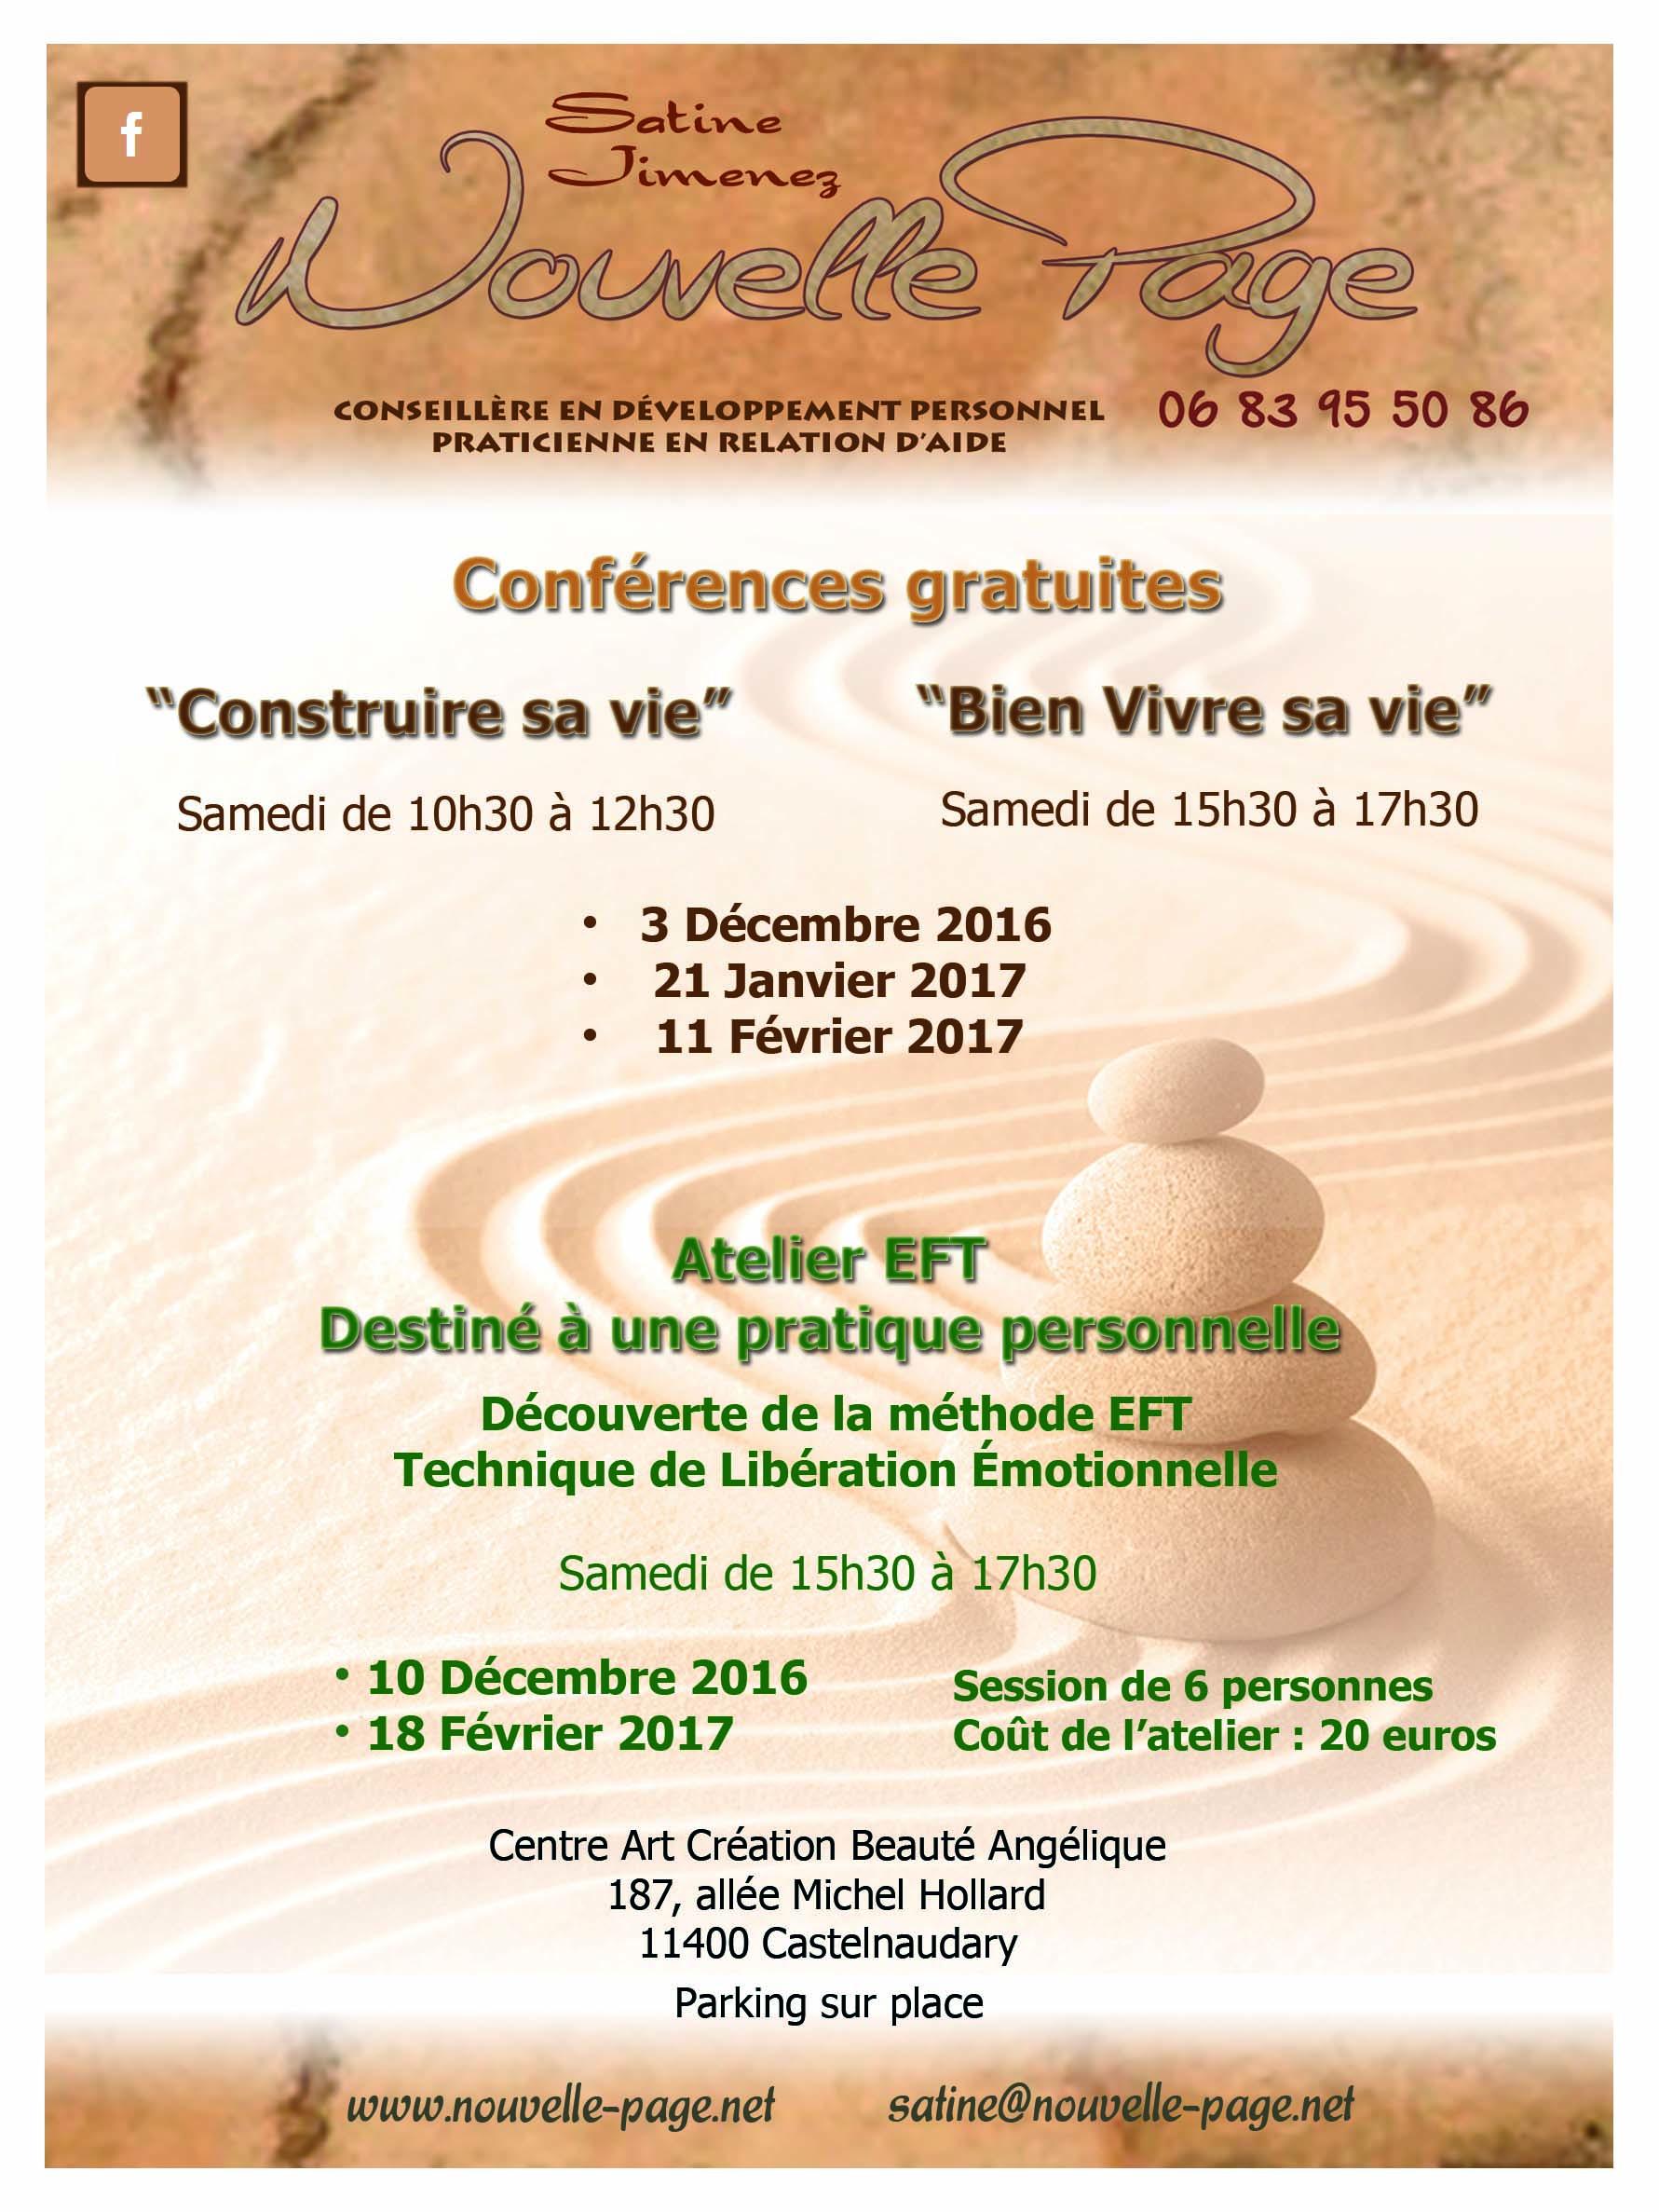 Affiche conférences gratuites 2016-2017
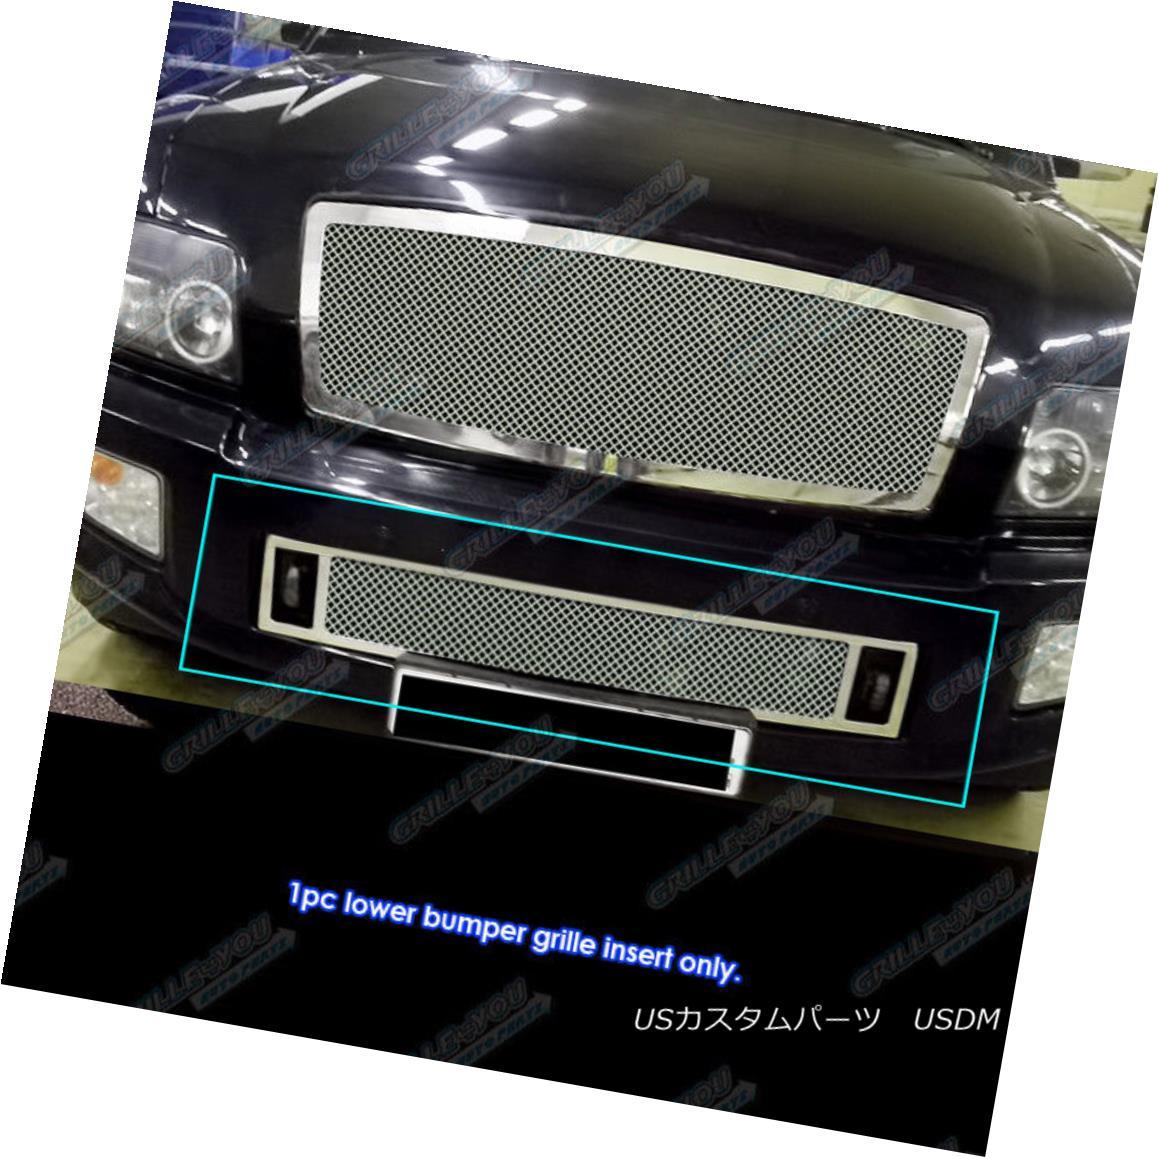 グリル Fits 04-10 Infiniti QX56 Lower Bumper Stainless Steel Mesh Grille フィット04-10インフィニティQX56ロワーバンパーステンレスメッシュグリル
==
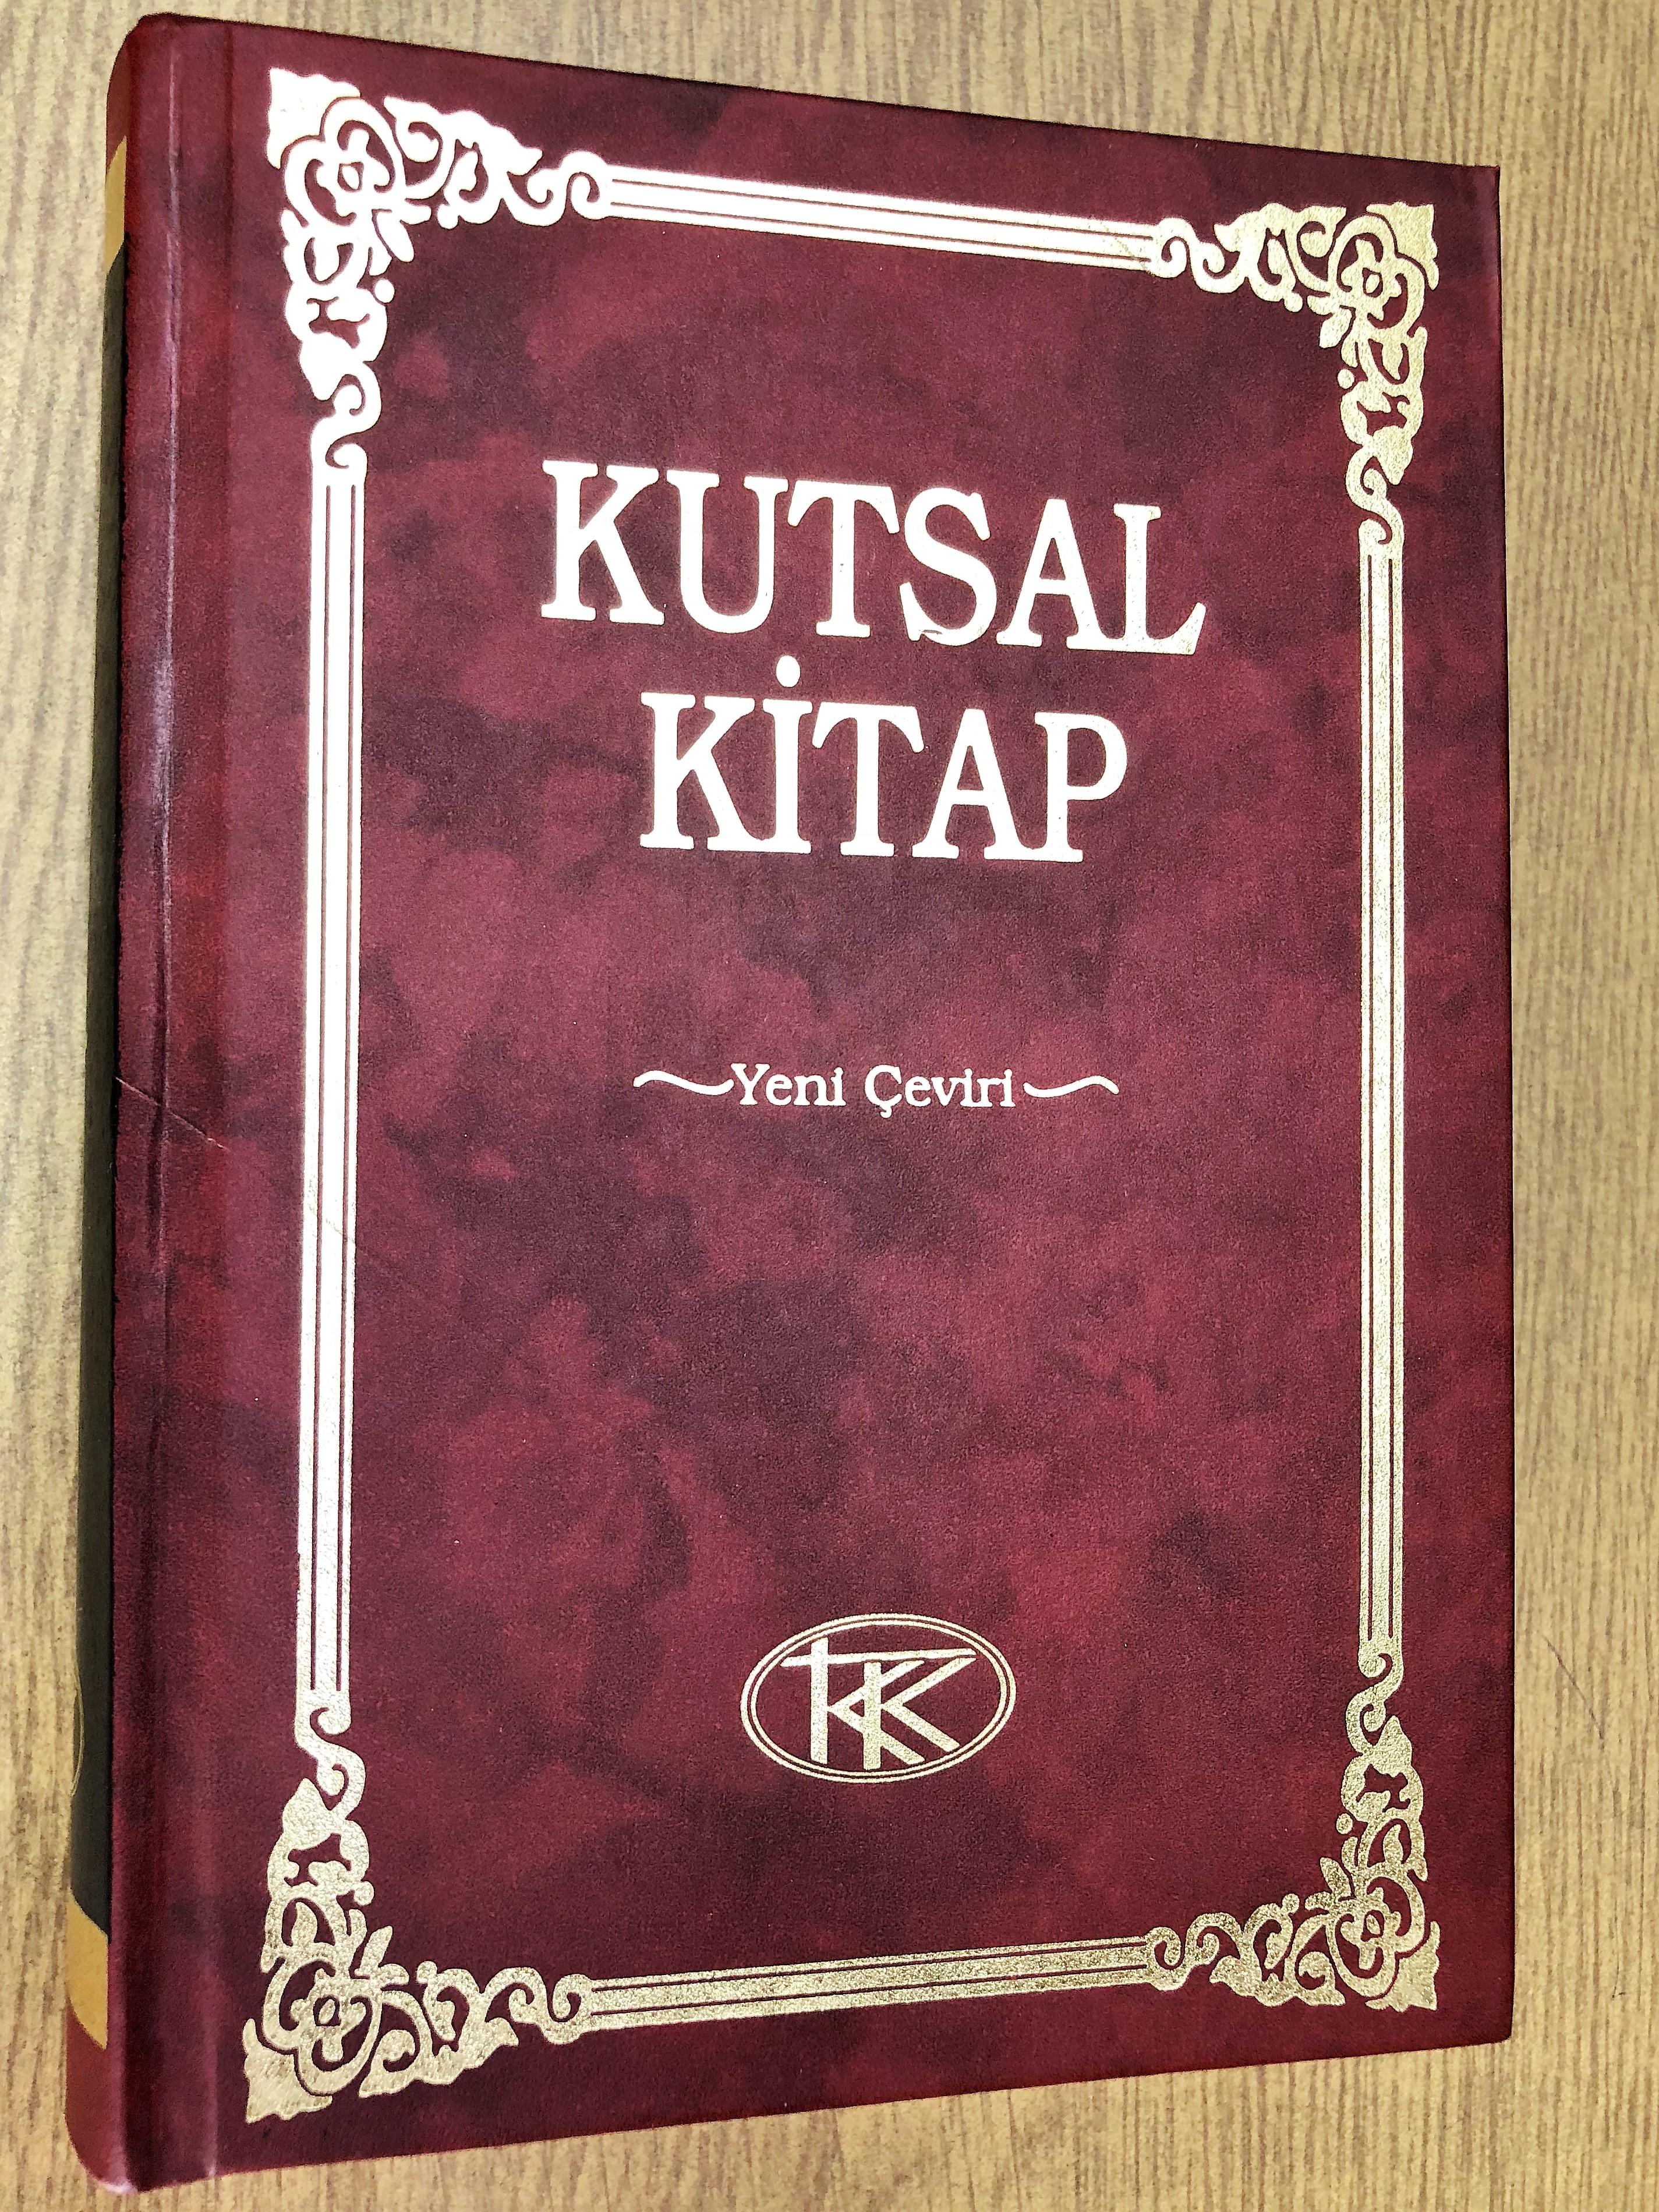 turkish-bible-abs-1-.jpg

**Your objective**
When copying from the data above, print only the lines from the line containing "Affiche conférences gratuites 2016-2017" to the line containing "グリル Fits 04-10", exactly, and leave the pictures out.

**Task solution**
 Affiche conférences gratuites 2016-2017
 グリル Fits 04-10 Infiniti QX56 Lower Bumper Stainless Steel Mesh Grille フィット04-10インフィニティQX56ロワーバンパーステンレスメッシュグリル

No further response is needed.